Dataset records
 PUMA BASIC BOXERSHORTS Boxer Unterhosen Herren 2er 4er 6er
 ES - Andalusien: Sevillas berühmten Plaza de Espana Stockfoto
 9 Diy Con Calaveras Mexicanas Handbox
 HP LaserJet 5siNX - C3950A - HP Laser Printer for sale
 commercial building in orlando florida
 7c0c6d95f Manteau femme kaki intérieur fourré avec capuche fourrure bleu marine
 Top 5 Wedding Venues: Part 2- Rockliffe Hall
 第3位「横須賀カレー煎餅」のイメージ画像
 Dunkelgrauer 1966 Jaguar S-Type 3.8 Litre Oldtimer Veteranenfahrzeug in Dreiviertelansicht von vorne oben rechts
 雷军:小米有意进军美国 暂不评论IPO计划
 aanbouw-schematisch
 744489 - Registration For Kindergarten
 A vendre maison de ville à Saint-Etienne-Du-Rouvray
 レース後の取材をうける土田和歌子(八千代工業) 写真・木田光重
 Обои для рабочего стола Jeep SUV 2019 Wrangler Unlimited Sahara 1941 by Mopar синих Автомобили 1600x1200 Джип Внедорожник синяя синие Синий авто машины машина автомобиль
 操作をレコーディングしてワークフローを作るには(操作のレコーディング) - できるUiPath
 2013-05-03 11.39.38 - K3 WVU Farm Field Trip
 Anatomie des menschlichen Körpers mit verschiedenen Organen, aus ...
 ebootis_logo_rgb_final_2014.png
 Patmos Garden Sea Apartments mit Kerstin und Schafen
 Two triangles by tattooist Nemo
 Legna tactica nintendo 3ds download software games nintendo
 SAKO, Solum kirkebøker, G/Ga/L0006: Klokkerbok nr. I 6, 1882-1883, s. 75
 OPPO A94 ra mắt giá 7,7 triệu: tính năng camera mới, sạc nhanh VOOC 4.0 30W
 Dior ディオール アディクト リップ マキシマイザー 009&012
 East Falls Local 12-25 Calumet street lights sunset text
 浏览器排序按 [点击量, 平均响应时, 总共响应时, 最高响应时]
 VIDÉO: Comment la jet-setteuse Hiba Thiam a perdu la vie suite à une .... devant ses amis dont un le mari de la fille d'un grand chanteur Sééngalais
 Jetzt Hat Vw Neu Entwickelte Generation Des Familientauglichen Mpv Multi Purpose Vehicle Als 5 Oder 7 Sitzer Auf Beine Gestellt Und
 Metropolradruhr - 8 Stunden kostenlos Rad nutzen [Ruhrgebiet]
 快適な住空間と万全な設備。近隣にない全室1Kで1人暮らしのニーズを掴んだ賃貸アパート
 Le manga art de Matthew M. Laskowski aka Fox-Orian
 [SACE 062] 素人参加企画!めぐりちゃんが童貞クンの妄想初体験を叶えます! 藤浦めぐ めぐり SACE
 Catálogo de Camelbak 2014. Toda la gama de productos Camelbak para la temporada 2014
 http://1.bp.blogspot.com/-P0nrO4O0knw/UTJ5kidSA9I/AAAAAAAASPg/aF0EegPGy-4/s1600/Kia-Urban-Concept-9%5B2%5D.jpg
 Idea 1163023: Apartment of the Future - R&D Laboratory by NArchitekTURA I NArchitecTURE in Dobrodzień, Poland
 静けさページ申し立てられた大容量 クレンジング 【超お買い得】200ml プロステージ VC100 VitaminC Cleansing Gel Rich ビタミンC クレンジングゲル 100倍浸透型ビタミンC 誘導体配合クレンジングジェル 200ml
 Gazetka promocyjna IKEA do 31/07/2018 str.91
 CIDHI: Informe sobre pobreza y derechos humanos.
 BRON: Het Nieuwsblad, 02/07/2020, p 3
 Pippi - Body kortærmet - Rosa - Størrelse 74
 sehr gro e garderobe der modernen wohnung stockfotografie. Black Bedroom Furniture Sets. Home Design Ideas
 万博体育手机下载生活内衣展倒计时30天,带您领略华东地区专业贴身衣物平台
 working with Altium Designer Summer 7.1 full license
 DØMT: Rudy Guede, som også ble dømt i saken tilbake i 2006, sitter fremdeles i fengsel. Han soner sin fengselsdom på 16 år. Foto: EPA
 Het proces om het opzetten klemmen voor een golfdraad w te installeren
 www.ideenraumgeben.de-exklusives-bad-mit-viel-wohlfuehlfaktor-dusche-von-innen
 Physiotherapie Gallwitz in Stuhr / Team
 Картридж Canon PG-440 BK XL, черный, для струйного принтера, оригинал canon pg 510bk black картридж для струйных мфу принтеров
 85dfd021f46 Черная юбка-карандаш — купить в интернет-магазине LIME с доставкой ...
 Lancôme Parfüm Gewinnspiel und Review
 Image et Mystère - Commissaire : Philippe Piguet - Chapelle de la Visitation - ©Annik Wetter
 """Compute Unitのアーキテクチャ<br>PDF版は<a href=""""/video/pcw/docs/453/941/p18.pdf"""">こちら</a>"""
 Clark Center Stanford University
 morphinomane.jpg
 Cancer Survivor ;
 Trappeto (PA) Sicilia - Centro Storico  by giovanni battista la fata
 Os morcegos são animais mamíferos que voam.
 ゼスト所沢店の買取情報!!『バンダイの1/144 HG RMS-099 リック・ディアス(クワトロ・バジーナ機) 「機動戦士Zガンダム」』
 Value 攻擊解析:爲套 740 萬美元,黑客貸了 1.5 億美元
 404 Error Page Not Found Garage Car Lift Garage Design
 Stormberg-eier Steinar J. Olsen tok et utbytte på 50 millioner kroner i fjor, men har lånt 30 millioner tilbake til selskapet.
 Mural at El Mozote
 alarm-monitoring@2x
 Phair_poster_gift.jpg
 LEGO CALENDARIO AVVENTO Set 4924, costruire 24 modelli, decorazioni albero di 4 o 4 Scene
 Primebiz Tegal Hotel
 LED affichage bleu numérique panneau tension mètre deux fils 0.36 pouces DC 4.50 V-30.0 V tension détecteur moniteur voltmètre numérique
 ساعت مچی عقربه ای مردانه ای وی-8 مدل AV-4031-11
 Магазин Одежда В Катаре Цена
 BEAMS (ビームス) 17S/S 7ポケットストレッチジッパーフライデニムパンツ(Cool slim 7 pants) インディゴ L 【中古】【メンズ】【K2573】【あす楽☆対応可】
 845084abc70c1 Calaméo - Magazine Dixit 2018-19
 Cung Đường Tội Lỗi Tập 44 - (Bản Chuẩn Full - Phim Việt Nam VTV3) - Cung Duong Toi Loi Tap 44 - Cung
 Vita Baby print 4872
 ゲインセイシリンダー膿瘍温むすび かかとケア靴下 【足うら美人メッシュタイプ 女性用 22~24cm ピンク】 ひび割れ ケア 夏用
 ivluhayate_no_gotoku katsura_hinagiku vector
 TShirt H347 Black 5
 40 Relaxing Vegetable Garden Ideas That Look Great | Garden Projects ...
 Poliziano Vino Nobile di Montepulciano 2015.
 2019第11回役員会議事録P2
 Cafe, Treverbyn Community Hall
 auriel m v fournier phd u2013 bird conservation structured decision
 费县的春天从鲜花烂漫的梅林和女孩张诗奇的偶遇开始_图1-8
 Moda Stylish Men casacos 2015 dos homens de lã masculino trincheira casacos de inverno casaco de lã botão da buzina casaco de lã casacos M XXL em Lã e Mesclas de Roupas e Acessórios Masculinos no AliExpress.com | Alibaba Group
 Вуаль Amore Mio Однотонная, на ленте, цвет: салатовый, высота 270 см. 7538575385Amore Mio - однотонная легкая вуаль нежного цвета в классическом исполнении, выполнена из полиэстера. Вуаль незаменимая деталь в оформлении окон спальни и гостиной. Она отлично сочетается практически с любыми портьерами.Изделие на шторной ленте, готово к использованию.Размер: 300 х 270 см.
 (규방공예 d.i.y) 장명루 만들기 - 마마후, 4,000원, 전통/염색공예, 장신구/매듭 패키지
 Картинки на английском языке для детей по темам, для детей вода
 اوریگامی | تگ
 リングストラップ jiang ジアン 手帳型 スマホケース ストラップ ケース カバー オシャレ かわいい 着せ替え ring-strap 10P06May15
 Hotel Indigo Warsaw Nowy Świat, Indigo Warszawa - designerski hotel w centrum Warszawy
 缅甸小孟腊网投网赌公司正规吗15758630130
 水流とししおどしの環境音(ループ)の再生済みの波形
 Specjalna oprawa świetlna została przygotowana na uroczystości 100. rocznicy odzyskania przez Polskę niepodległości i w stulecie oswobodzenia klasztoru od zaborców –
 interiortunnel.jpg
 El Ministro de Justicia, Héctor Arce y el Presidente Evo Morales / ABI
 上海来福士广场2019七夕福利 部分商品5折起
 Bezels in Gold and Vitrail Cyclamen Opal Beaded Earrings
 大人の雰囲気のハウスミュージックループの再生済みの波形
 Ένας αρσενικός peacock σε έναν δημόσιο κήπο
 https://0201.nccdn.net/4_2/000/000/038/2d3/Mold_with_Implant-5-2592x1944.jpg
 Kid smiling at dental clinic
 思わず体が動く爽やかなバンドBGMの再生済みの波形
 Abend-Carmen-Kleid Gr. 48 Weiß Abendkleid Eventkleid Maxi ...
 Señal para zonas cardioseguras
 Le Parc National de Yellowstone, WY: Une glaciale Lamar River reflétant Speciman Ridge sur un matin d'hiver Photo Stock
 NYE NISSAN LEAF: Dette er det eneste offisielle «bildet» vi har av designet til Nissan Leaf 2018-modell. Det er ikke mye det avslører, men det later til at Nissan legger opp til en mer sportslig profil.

What you need to do
Using the entries above, repeat only the lines from the one containing "BEAMS (ビームス) 17S/S" through the one containing "40 Relaxing Vegetable", end lines included.

Answer box
 BEAMS (ビームス) 17S/S 7ポケットストレッチジッパーフライデニムパンツ(Cool slim 7 pants) インディゴ L 【中古】【メンズ】【K2573】【あす楽☆対応可】
 845084abc70c1 Calaméo - Magazine Dixit 2018-19
 Cung Đường Tội Lỗi Tập 44 - (Bản Chuẩn Full - Phim Việt Nam VTV3) - Cung Duong Toi Loi Tap 44 - Cung
 Vita Baby print 4872
 ゲインセイシリンダー膿瘍温むすび かかとケア靴下 【足うら美人メッシュタイプ 女性用 22~24cm ピンク】 ひび割れ ケア 夏用
 ivluhayate_no_gotoku katsura_hinagiku vector
 TShirt H347 Black 5
 40 Relaxing Vegetable Garden Ideas That Look Great | Garden Projects ...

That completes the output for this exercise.